[DATASET CONTENT]:
--- START ---

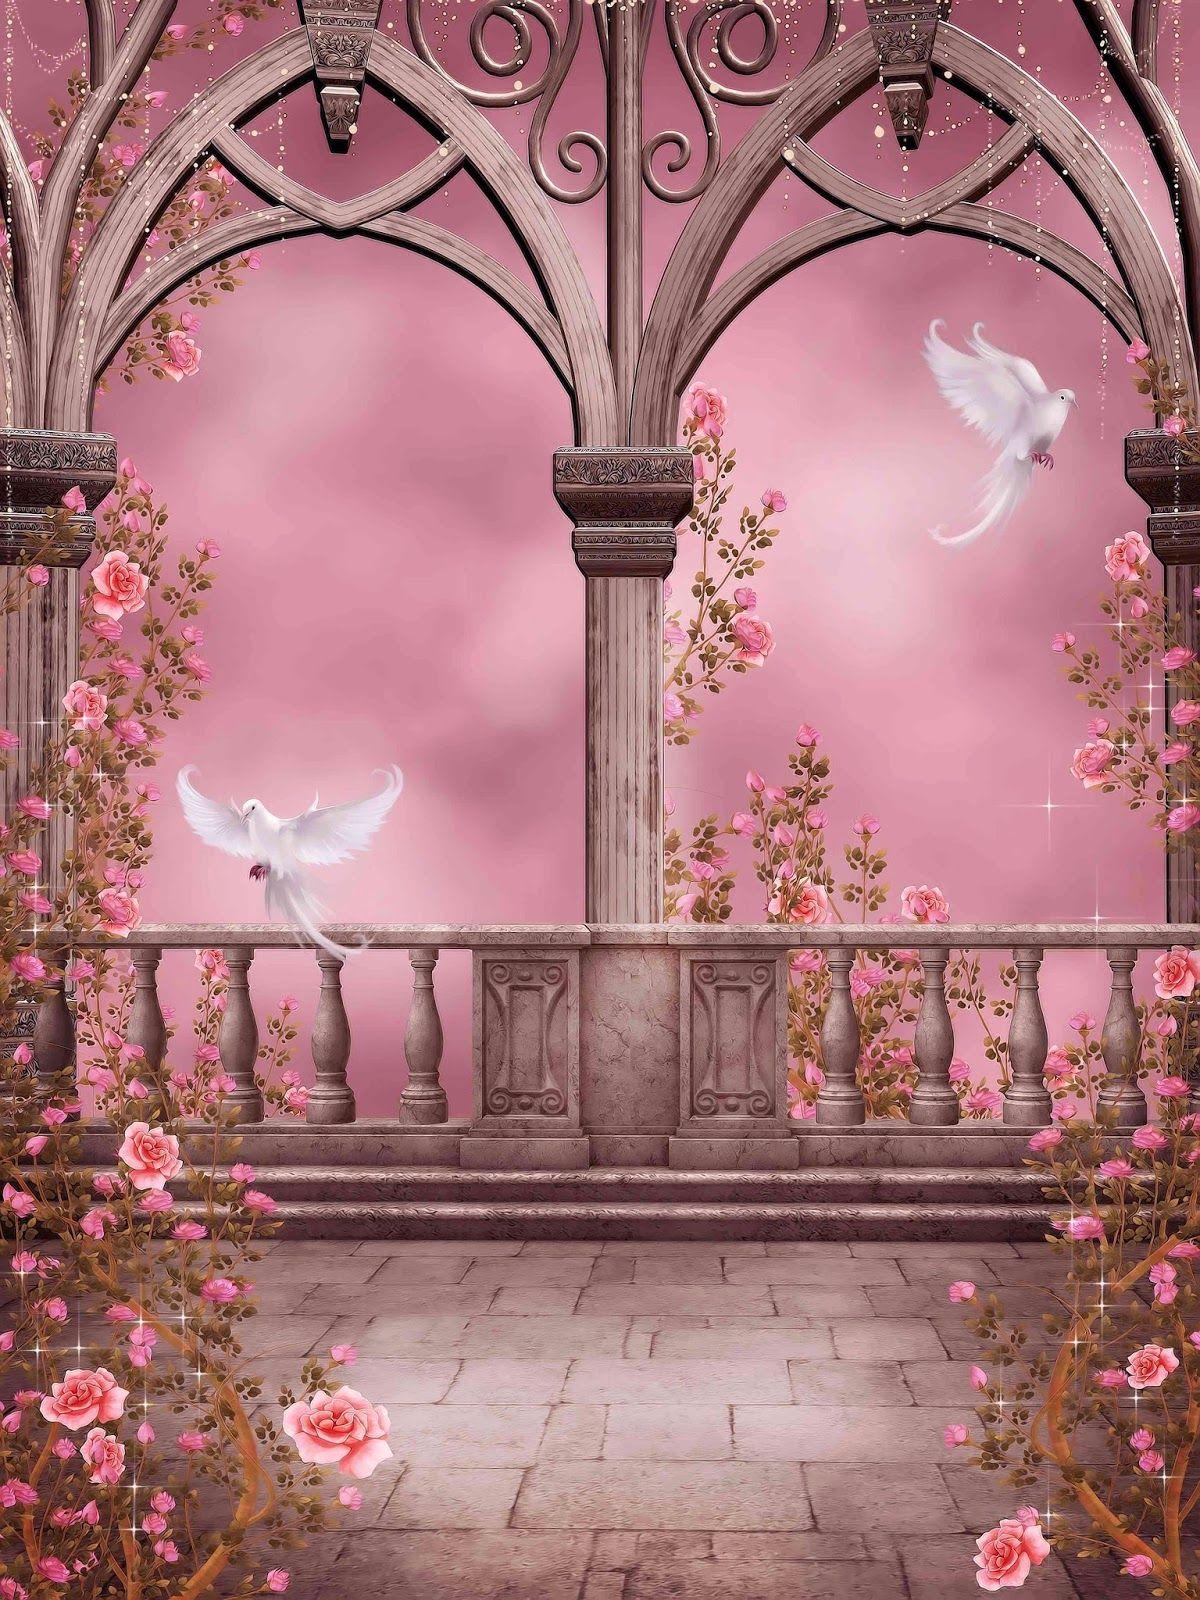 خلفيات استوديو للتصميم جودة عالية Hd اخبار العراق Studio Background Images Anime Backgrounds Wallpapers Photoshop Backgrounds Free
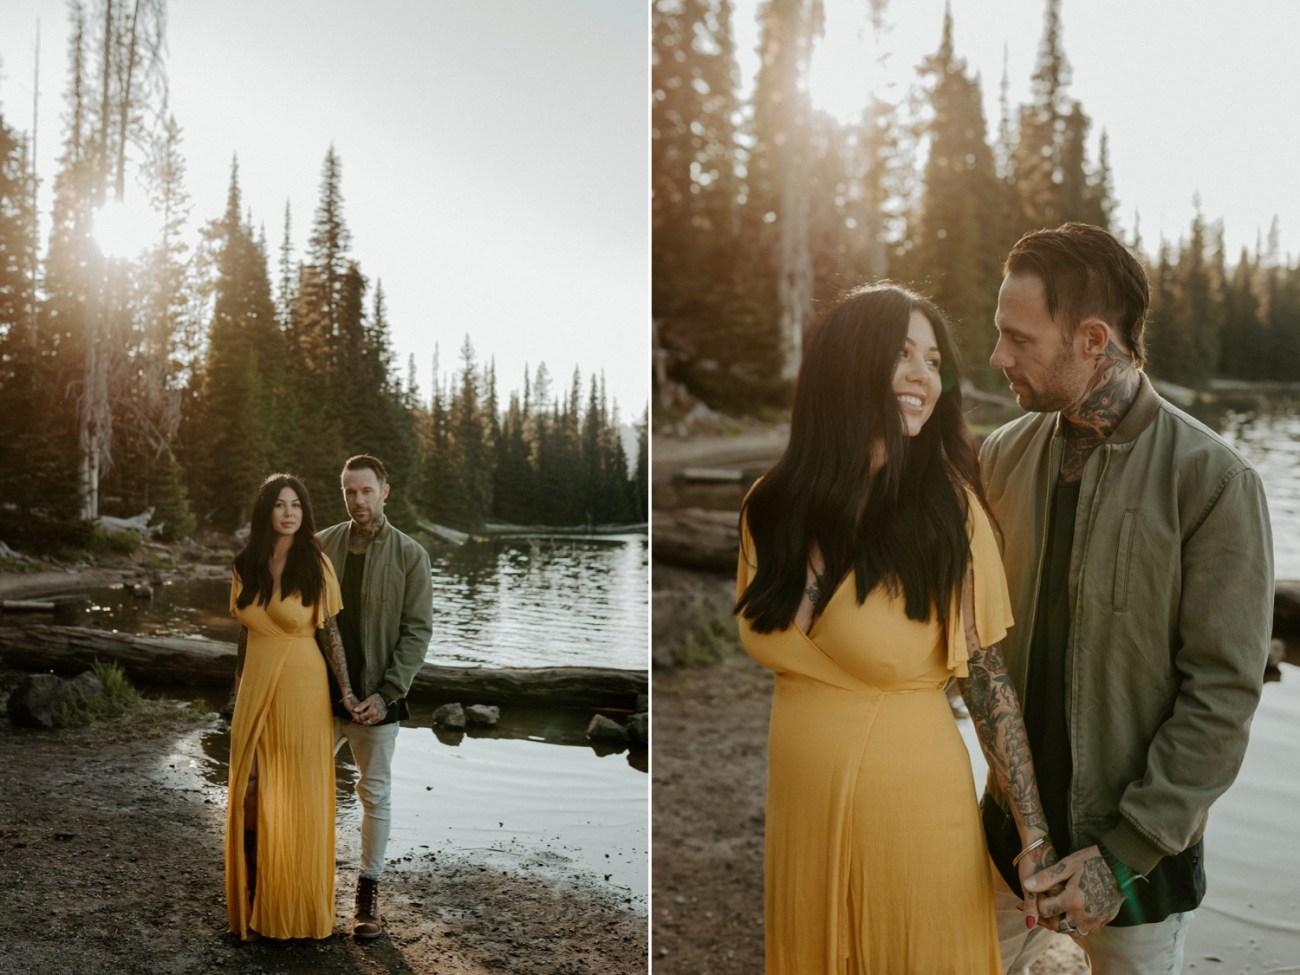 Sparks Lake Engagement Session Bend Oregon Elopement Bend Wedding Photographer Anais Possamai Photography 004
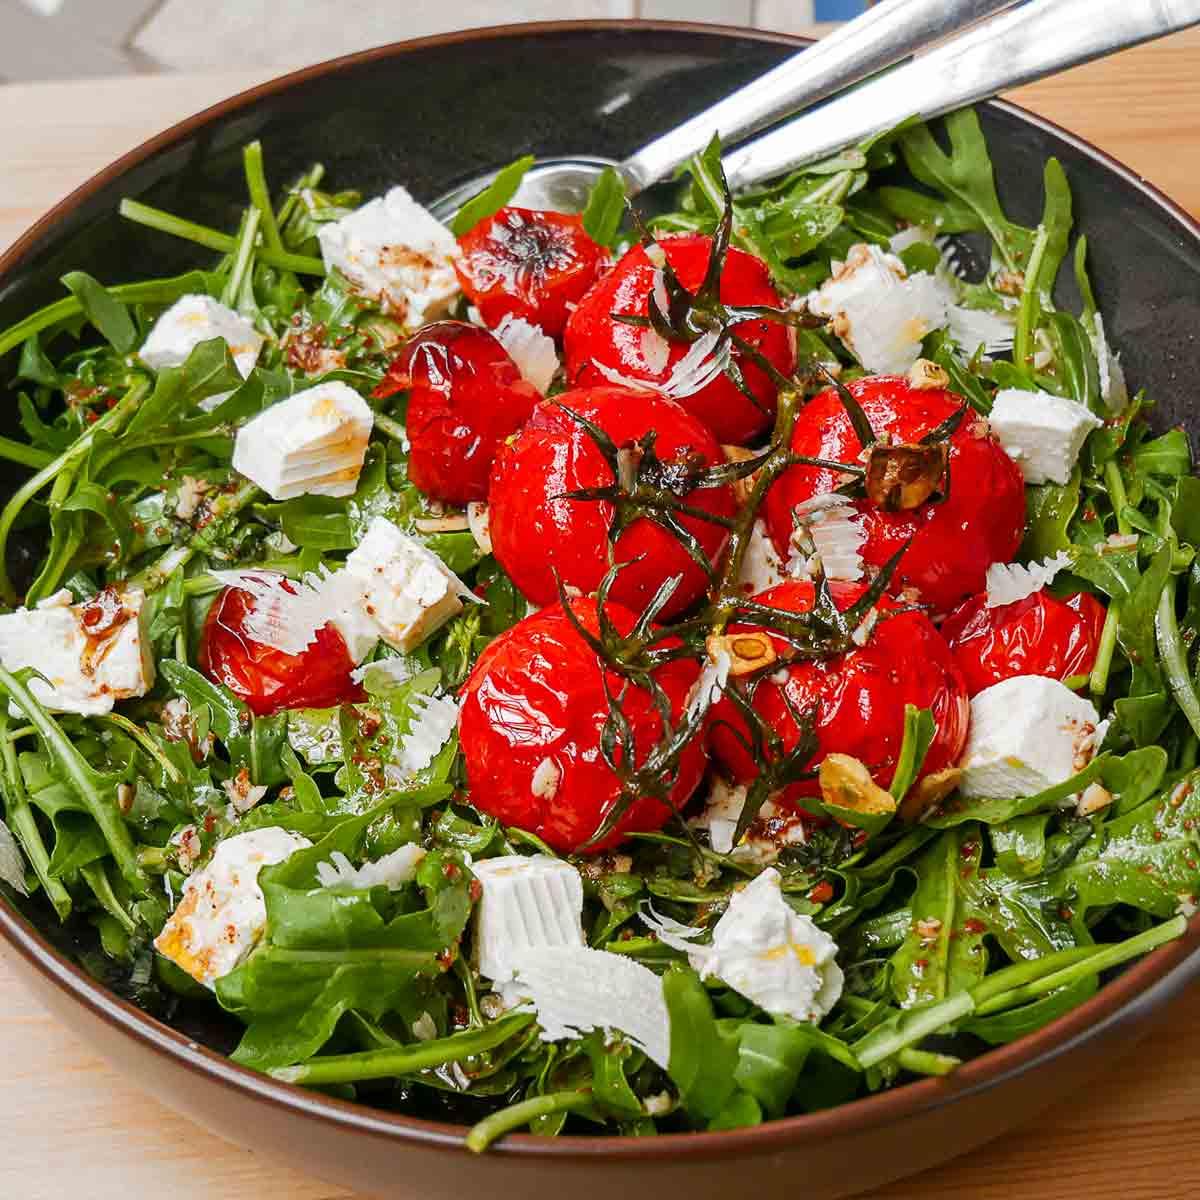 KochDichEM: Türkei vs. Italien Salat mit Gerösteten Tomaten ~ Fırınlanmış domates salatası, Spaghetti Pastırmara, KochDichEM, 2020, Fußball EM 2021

--- END ---

[YOUR INSTRUCTIONS]: Return the listing verbatim, pictures excluded.

[PROBLEM SOLUTION]:
 خلفيات استوديو للتصميم جودة عالية Hd اخبار العراق Studio Background Images Anime Backgrounds Wallpapers Photoshop Backgrounds Free
 Sparks Lake Engagement Session Bend Oregon Elopement Bend Wedding Photographer Anais Possamai Photography 004
 KochDichEM: Türkei vs. Italien Salat mit Gerösteten Tomaten ~ Fırınlanmış domates salatası, Spaghetti Pastırmara, KochDichEM, 2020, Fußball EM 2021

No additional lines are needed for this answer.